HEINLEIN Starship Troopers.txt
1 = 37785.89 = HEINLEIN Stranger in a Strange Land part A.txt
2 = 38258.97 = HEINLEIN Stranger in a Strange Land part B.txt
3 = 38914.36 = HEINLEIN Citizen of the Galaxy.txt
5 = 40128.47 = twain shorts.txt
6 = 40552.46 = HEINLEIN Have Space Suit.txt

What Sherlock Holmes, Einstein, Heisenberg, the semantic web, the Null Hypothesis, Atheists, Scientists have in common
Short answer: like this equation, they demonstrate the usefulness of deducing the unlikely or the impossible.

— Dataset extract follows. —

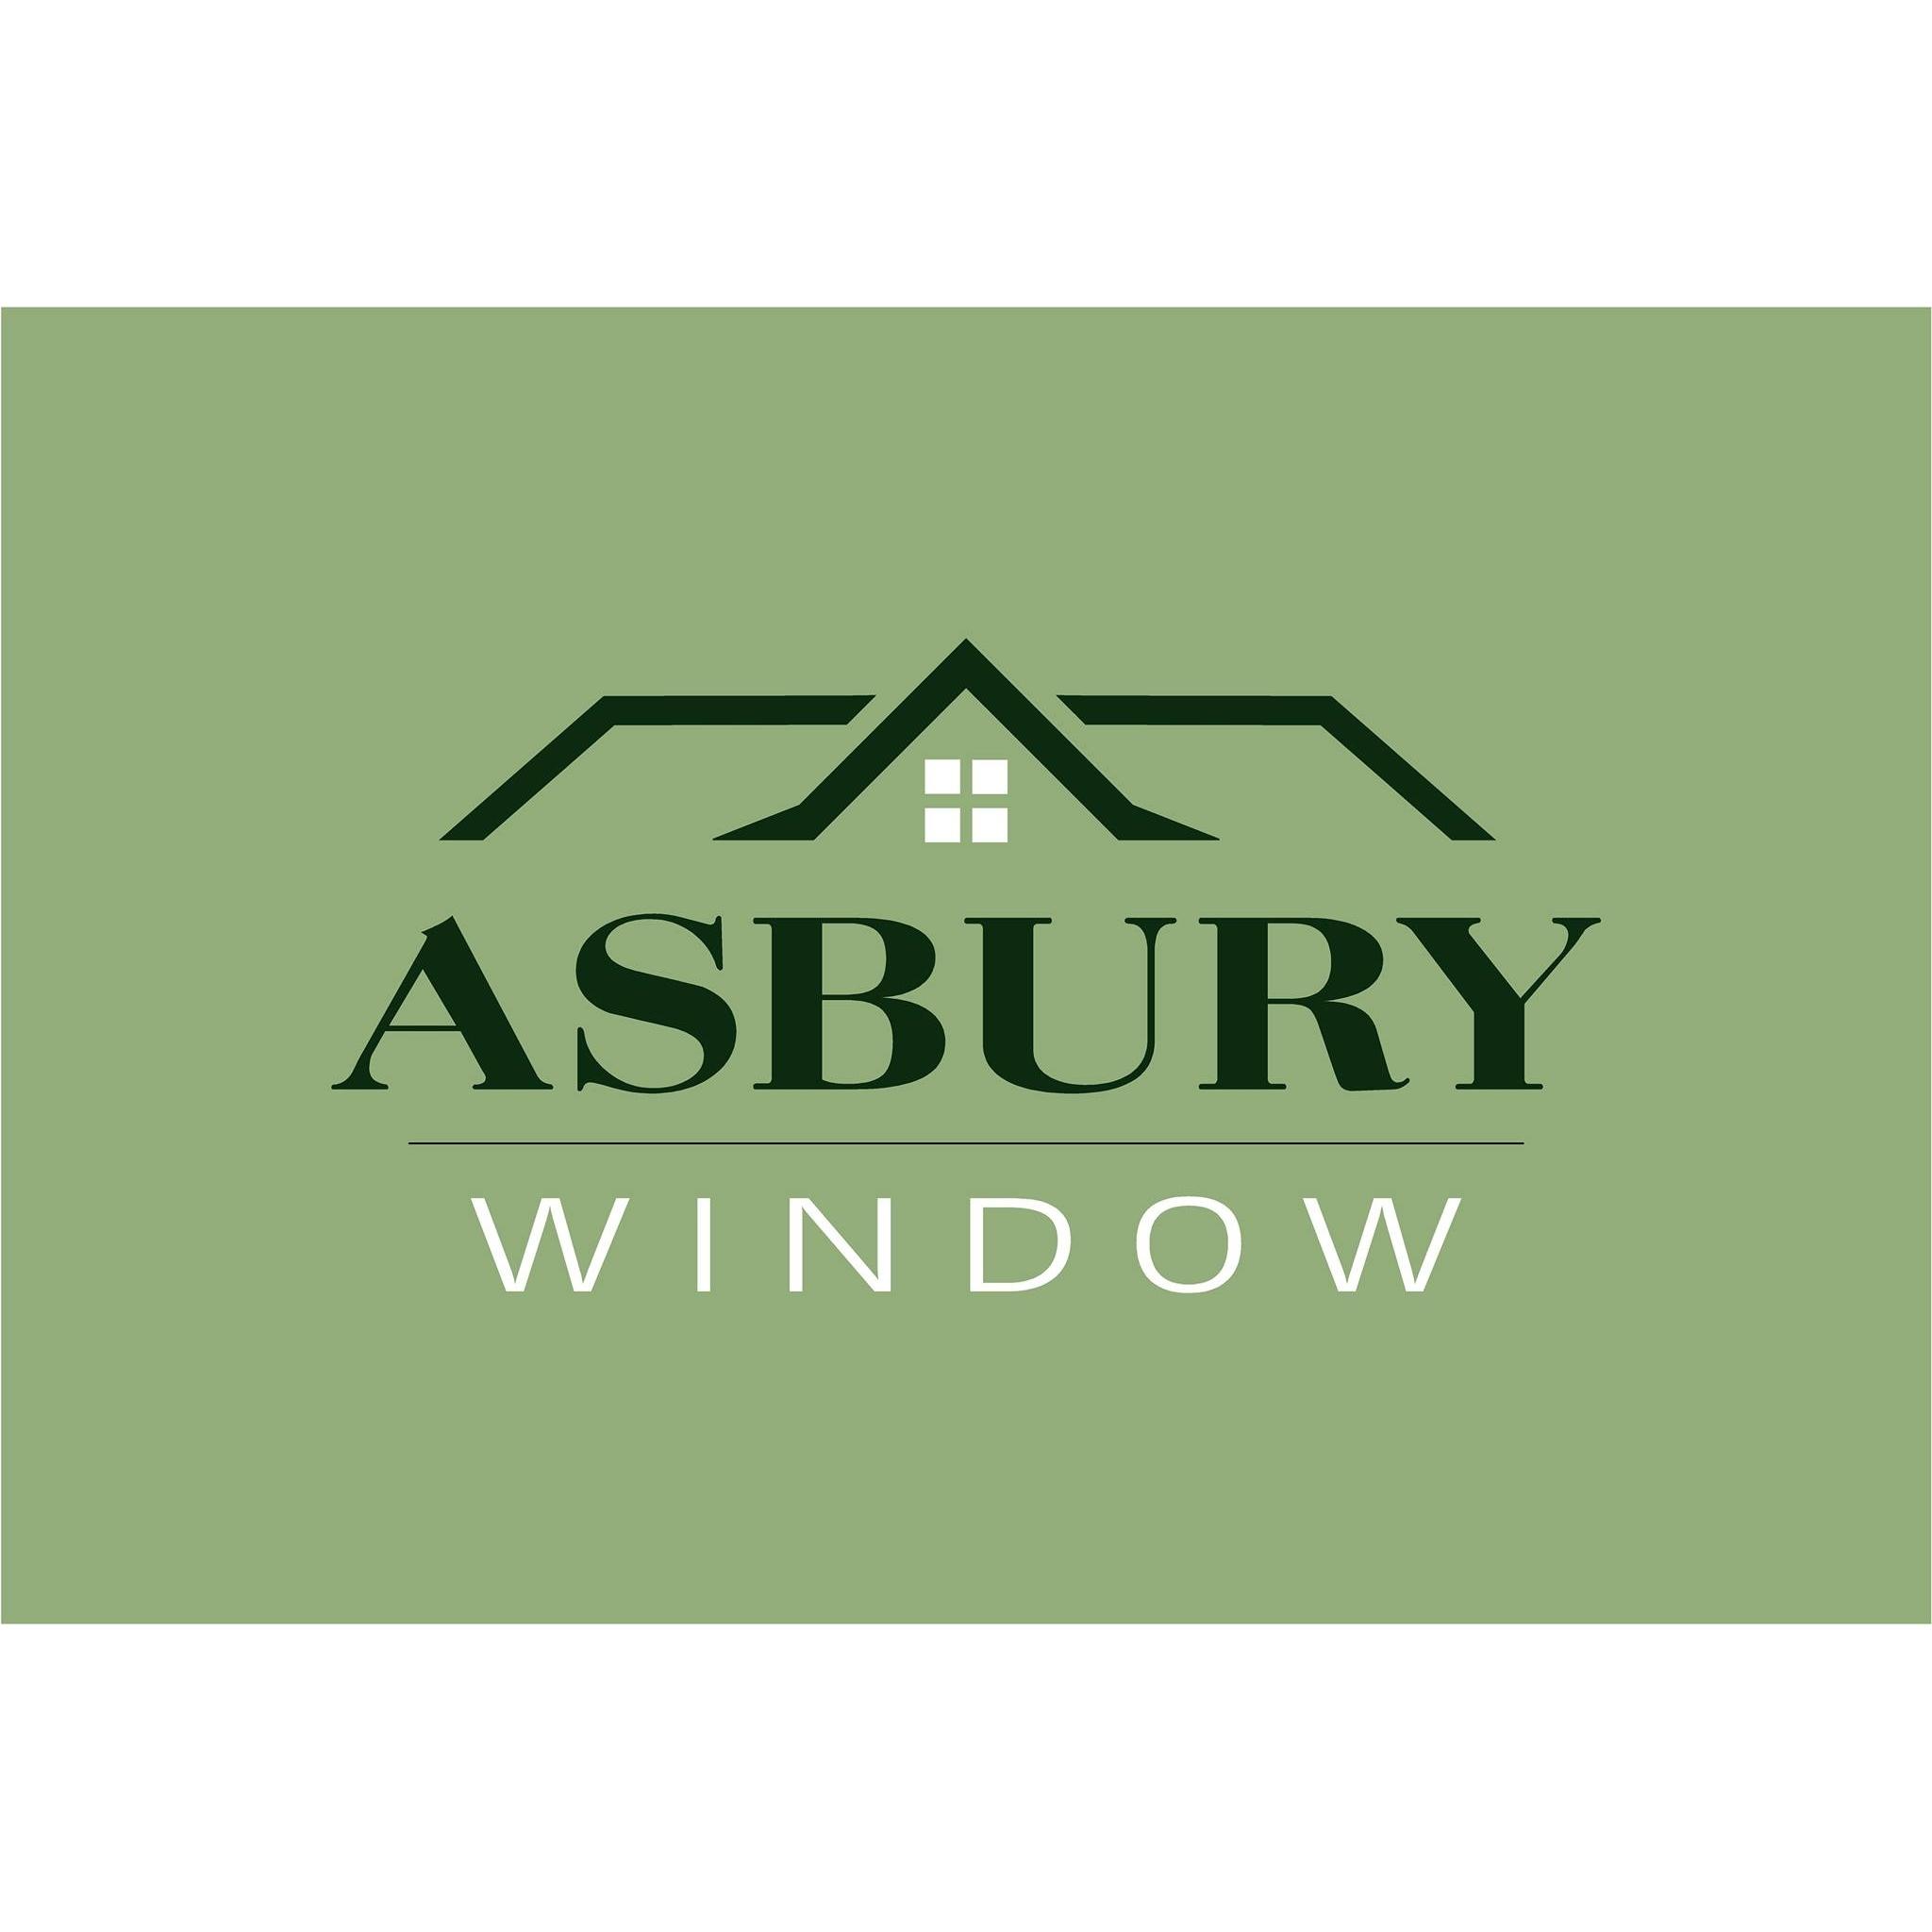 Asbury Window & More
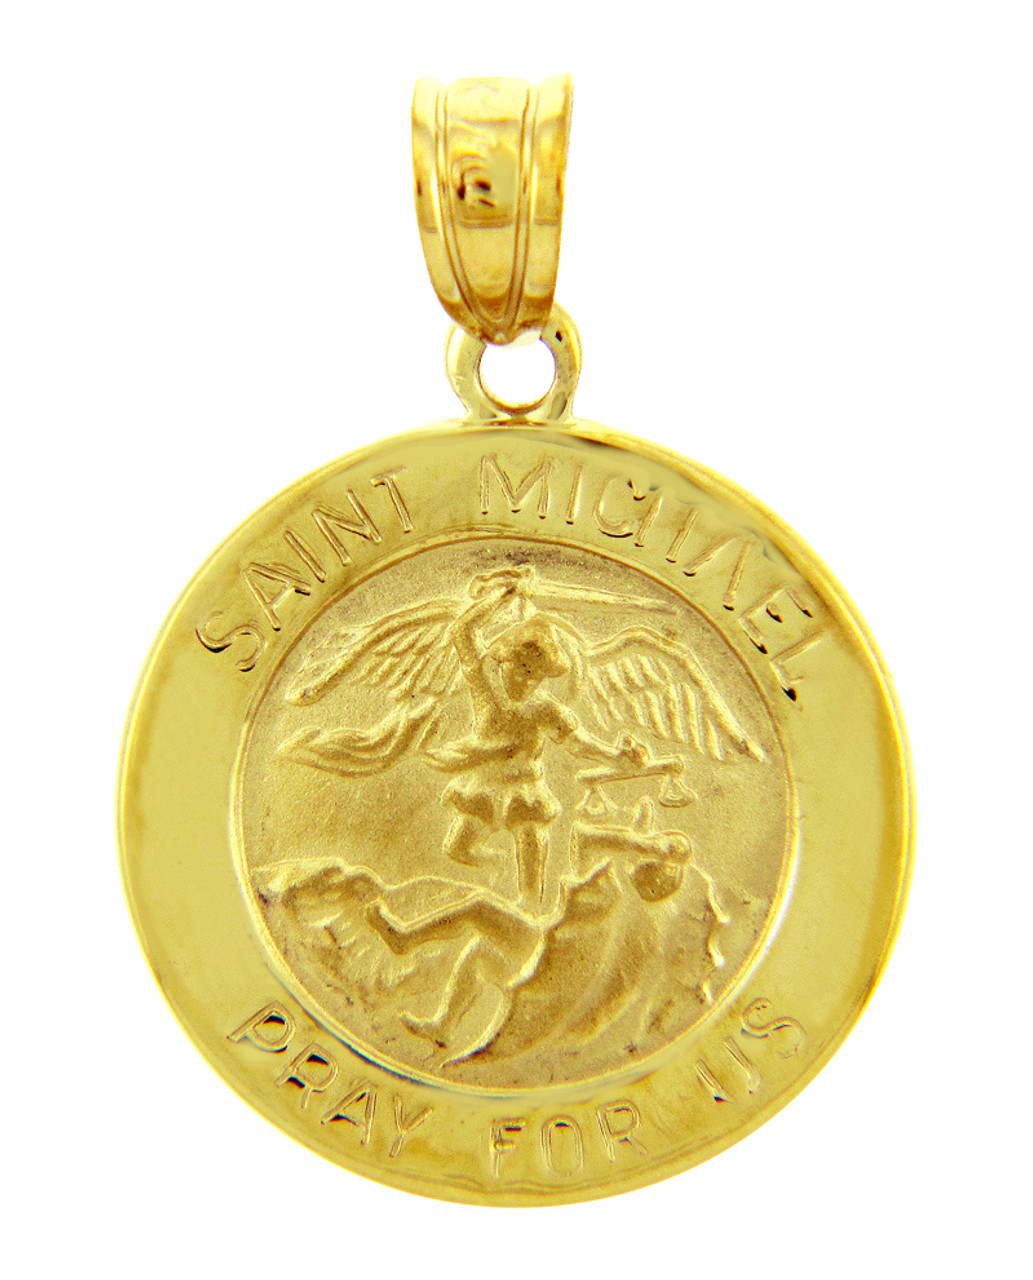 Gold religious pendants the saint michael pray for us yellow gold gold religious pendants the saint michael pray for us yellow gold pendant aloadofball Image collections

They measure what is not true, not what is true. Ruling out the impossible does not mean the alternatives you are aware of is the truth. Only an omniscient being can know all the alternative possibilities. So unless you're a God, you can fall victim to this Holmesian Fallacy in reasoning. Physics is also based on the null hypothesis, declaring what is not true rather than truths:  Einstein said thermodynamics and relativity are based on simple negative statements: there is no perpetual motion machine and nothing can go faster than light. Heisenberg's uncertainty principle similarly states a negative, that it is impossible to state both position and momentum, or time and energy.   The null hypothesis and "not believing" in science is a formal embodiment of this approach. Sherlock Holmes falls victim to the fallacy named after him in the same way the null hypothesis in drug screening can victimize innocents "When you have eliminated the impossible, whatever remains, however improbable, must be the truth" - Sherlock Holmes. The problem is that the truth includes things you can't imagine, error in measurement, or other compounds that have the same chemical reaction.  Why is the null hypothesis so useful? Because reality is bigger and more complex than we can imagine, bigger than our physics can describe.  Likewise, people and their writing is so diverse, it is a lot easier to measure the degree to which two texts are different. The semantic web absolutely depends on fuzzy definitions to be able to describe a world that is bigger than reason.  See Godel's Theorem and why mathematicians have trouble walking and talking.

1 comment:

  1. Claim free bitcoins over at CLAIM BTC Faucet. Up to 57 satoshis every 20 mins.